4.3. Metadata quantity and quality 

Among the already numerous institutions that care for a part of the existing DML, 
no agreement has been found on metadata, although it is the most crucial step for 
(inter)operability (see figure [5] for how much metadata from the same source can 
vary depending on the delivery channel). At some places, metadata is reduced to 
a strict minimum, in such a fashion that it would even be difficult to enhance it 
with metadata from another source (top of figure [1] provides an example) . 

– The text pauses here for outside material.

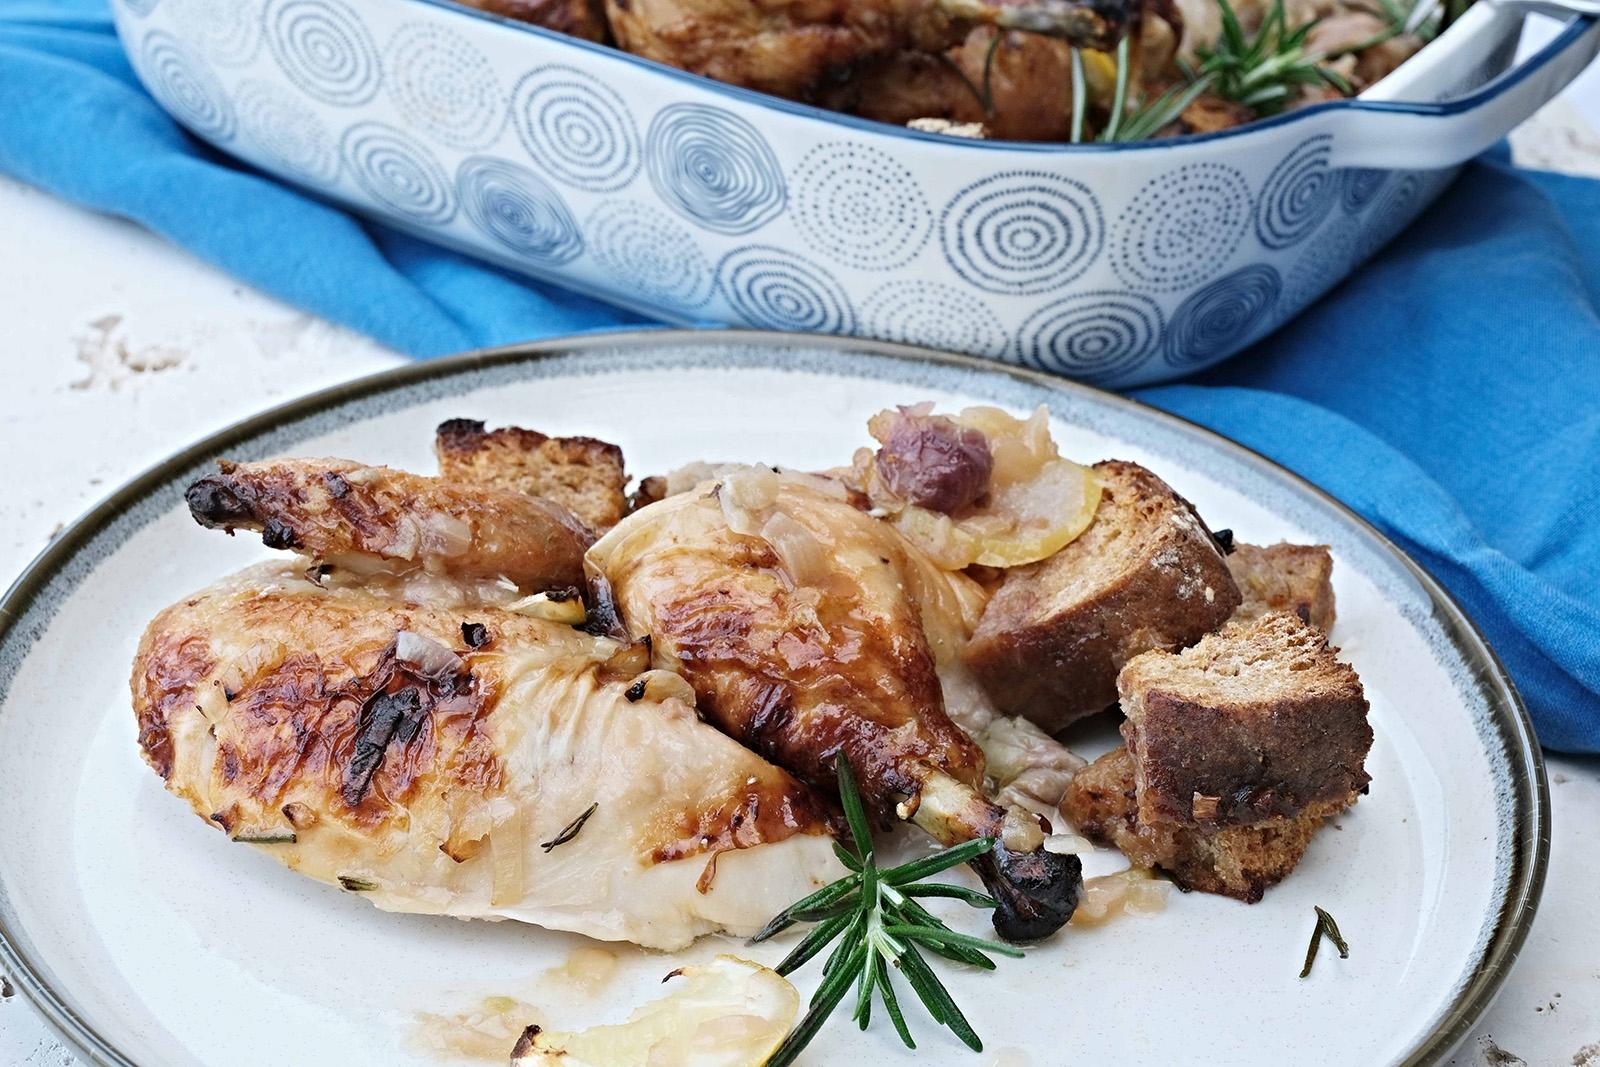 Recept je perfektní návod, jak nakrmit rodinu, přátele anebo přímo velké davy při nějaké letní párty

One main challenge is integrating content from a huge diversity of providers, 
with very different skills and operational models. Taking costs into account, it 
seems hardly possible that every single item that is already in some sort of digital 
format and handled by a reliable institution will get enriched metadata even if it 
is needed to get interoperable. 

This is where various MKM techniques could be called. The main point is 
that items in the mathematical corpus do not live by themselves, but inside a rich 
"social network" of similar items. 

First of all, many items are already known and referenced in some existing 
catalogue or reviewed in some reviewing journal. By matching the item in these 
preexisting databases, it would be possible to endow it with more detailed meta- 
data. Second, an item bears in itself many meaningful links to other items that 
can be better known, and thus whose metadata could be partly shared with it. 
If we assume that it is possible to get some full text (OCR or text extraction) 
from an item, and there to recognise author or editor contributed metadata like 
keywords, MSG, bibliography, these provide links, and these links in turn can yield 
some metadata.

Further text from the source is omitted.